The composition of committee reflected the double task it had been assigned. Yanagita and Schuster (U.S.) were retained from the roster of psychopharmacologists on previous committees. Ghodse (U.K.), an addiction psychiatrist, was the only other member who had previously been on an Expert Committee in the Drug Dependence series, although other members had been on other Expert Committees. Several members of the committee were known particularly for epidemiological or policy-oriented work in alcohol problems -- Casswell (New Zealand), Poikolainen (Finland), Room (Canada) -- or for work in both alcohol and drugs -- Edwards (U.K.) and Medina Mora (Mexico). Two members had strong connections with the United National Drug Control Programme in Vienna -- Emafo (Nigeria) and Samarasinghe (Sri Lanka) -- and Ghodse was Chair of the International Narcotics Control Board. The French member, Jean-François, could draw on substantial experience in the national treatment system. No one in attendance at the 28th Committee meeting had been at the 20th Committee meeting (Edwards had been invited to the latter but had been unable to attend).

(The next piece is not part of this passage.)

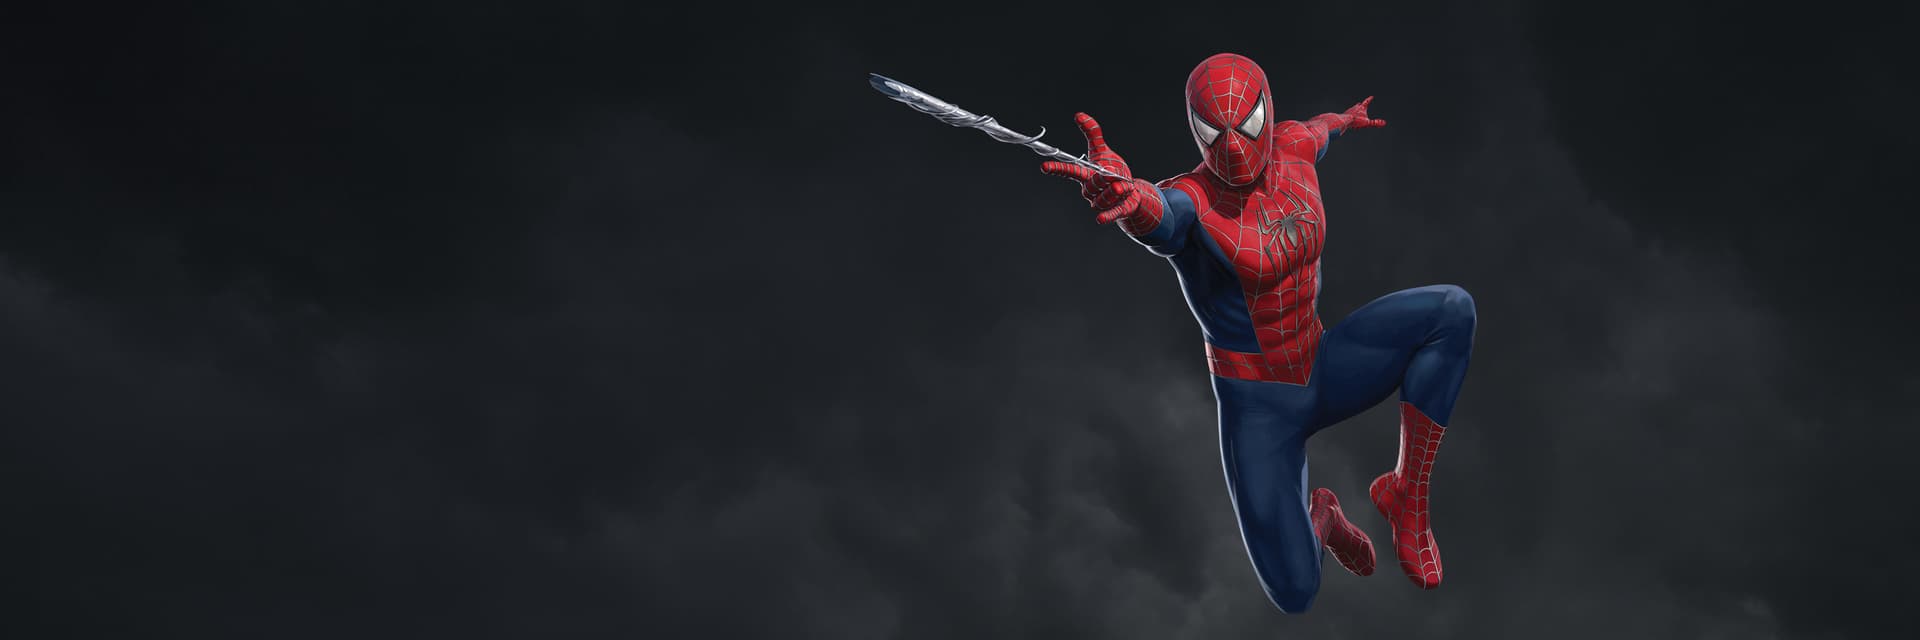 Friendly Neighborhood Spider-Man (Peter Parker) Spider-Man 2

THE PRODUCTION OF THE 1992 EXPERT COMMITTEE REPORT

Advance preparation for the committee's meeting did not turn out to have provided much in the way of raw materials for the report, except for the section on the pre-review of the ten substances, which was well prepared. The PSA staff were distracted with other concerns, and somewhat split on what approaches to recommend to the committee in its broader task. Other than the pre-review materials, the main documents precirculated to the Committee were the Report of the 1973 committee (WHO, 1974), and four short papers: a 9-page background document on "the health sector's role in addressing drug- and alcohol-related problems", an 11-page document on "WHO's demand reduction strategies", a commissioned working paper on "human rights and licit and illicit drug use", and a three-page note on dependence terminology.

One approach contemplated by some PSA staff members seemed to be simply to adapt the 1973 Committee report. Committee members did not think this appropriate, however, and set out on the task of drafting and adopting the report during the five days of the meeting. The drafting had to proceed around the edge of a committee agenda filled from 9 to 5 on each of the first four days with substantive discussions of an agenda prepared in advance by WHO staff.(2)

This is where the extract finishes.